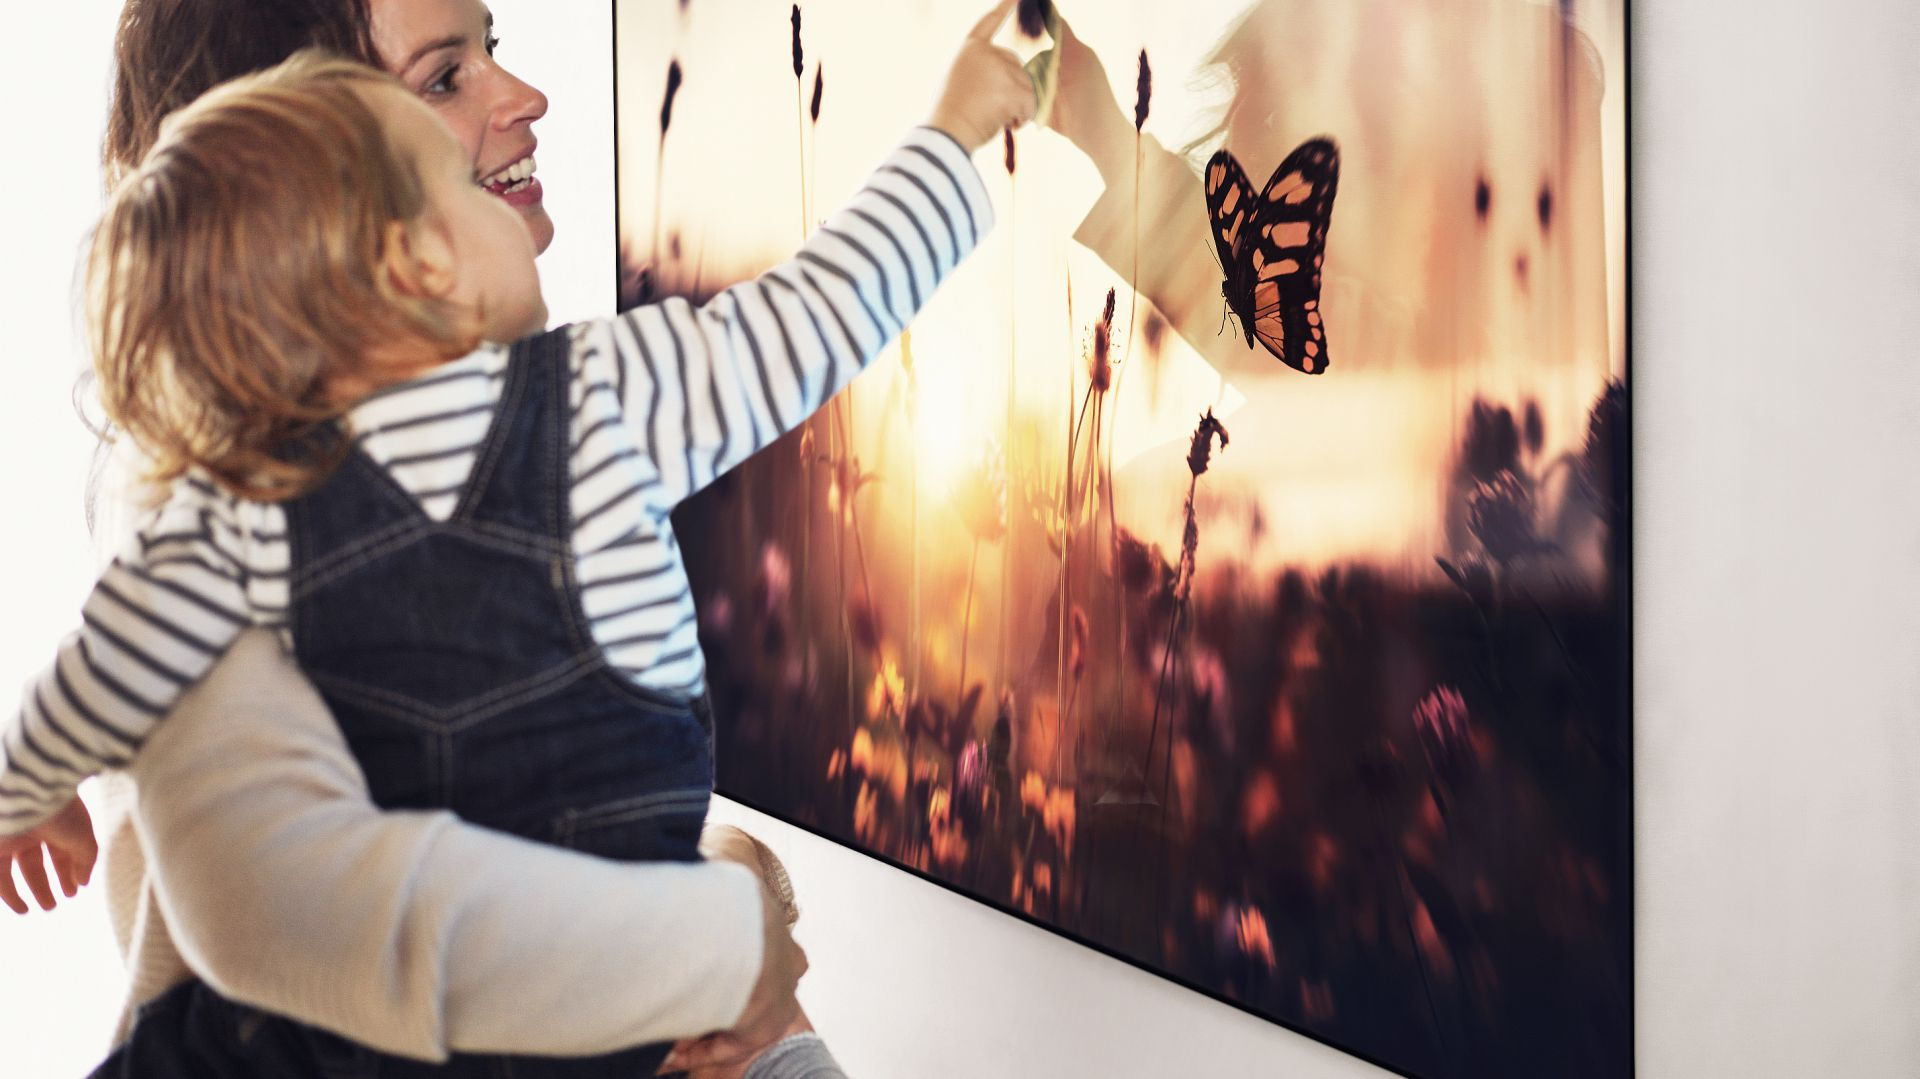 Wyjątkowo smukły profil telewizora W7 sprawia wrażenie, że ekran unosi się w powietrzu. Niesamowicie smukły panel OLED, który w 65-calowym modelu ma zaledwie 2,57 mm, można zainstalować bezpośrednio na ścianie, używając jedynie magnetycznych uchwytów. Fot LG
+++
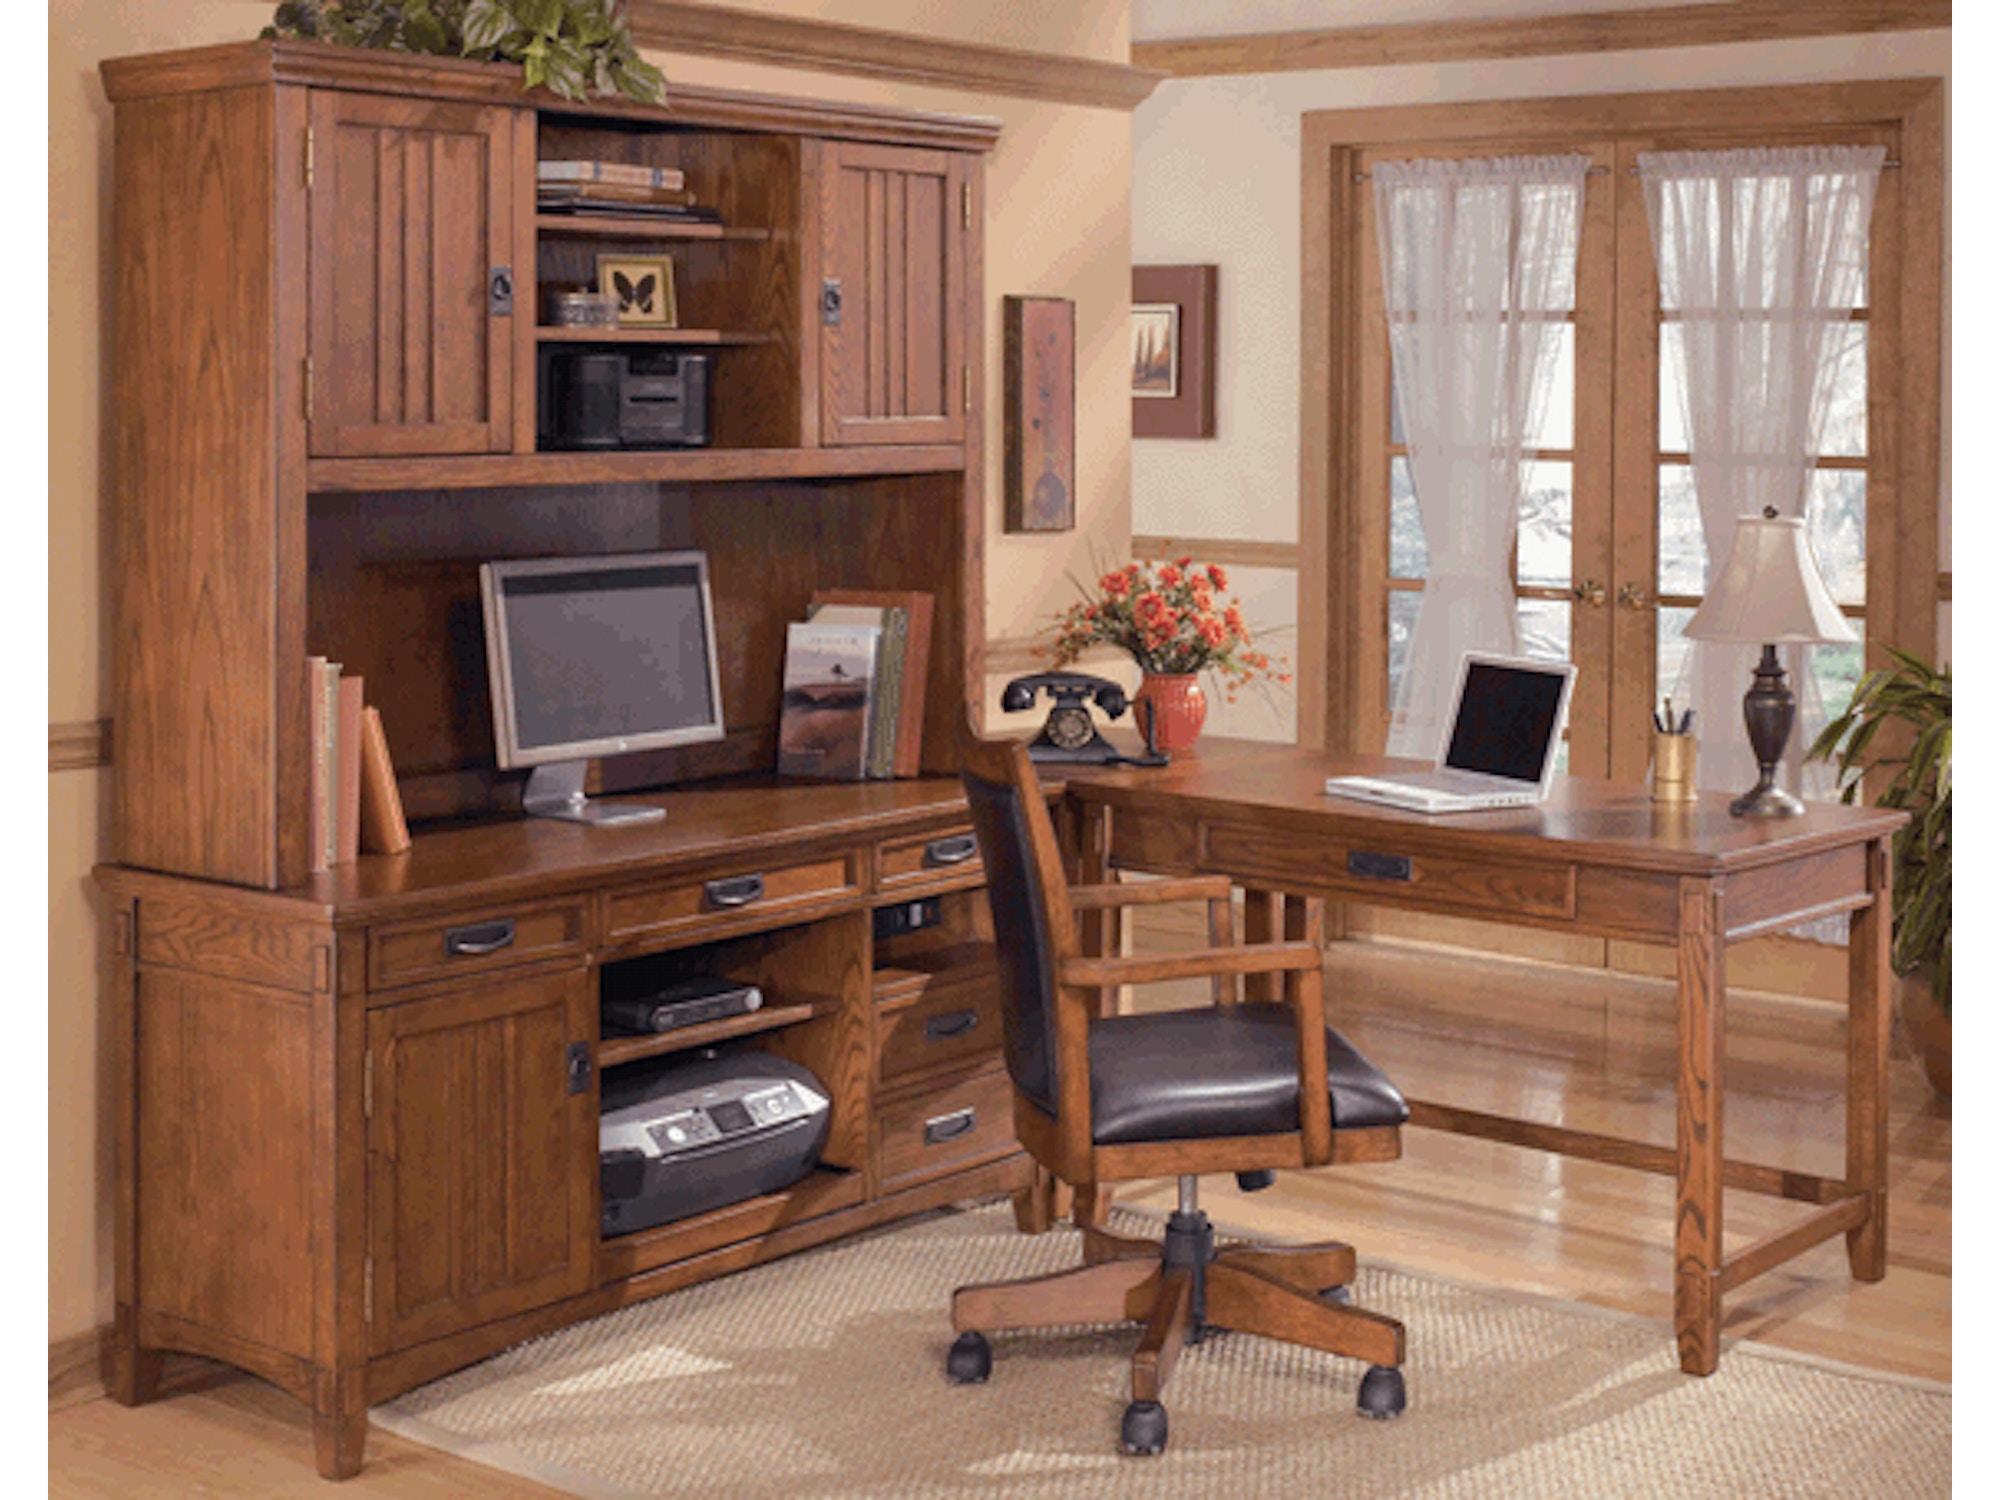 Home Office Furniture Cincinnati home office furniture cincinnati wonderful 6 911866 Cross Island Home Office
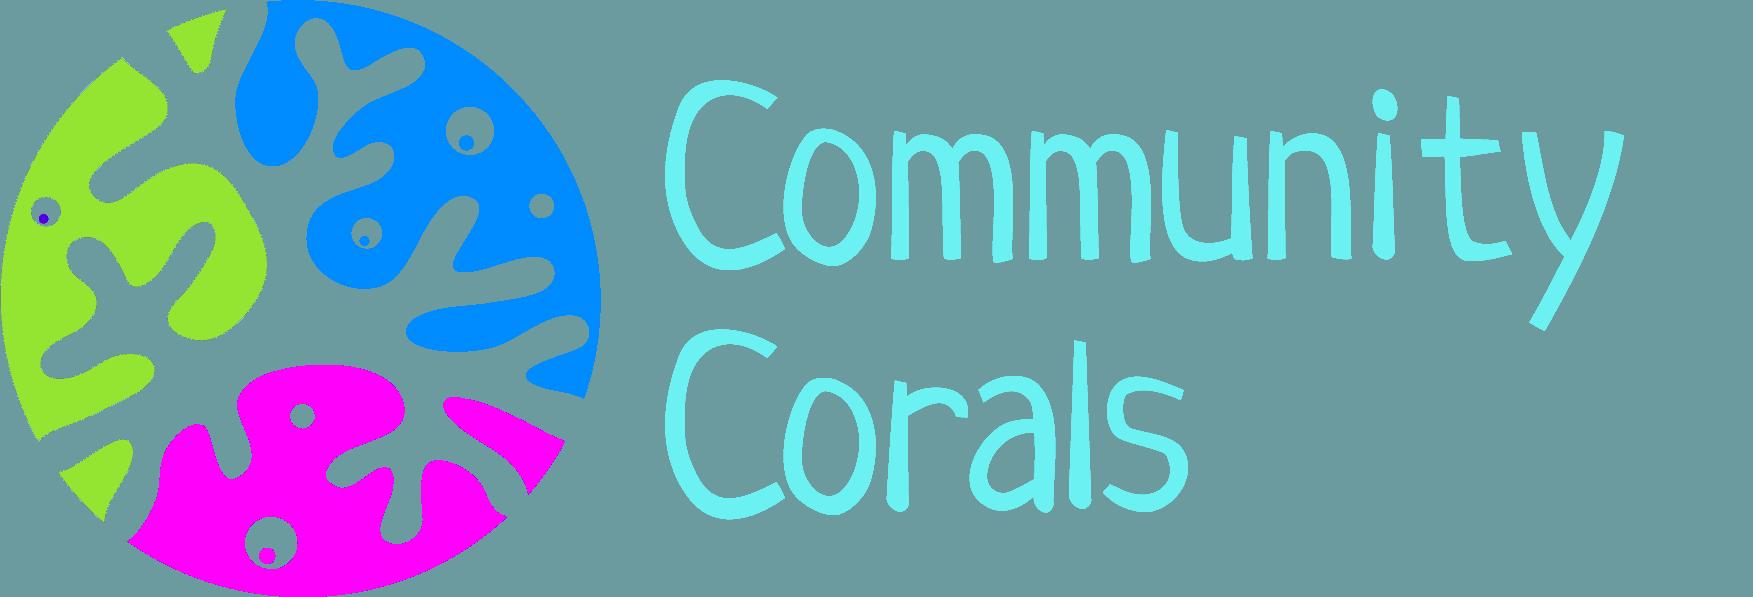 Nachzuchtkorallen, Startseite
+++
What the task asks: Above are the records; return the lines in them from the one with "Home Office Furniture Cincinnati home" to the one with "Nachzuchtkorallen, Startseite", inclusive, exactly and without images.

Exercise output:
 Home Office Furniture Cincinnati home office furniture cincinnati wonderful 6 911866 Cross Island Home Office
 Nachzuchtkorallen, Startseite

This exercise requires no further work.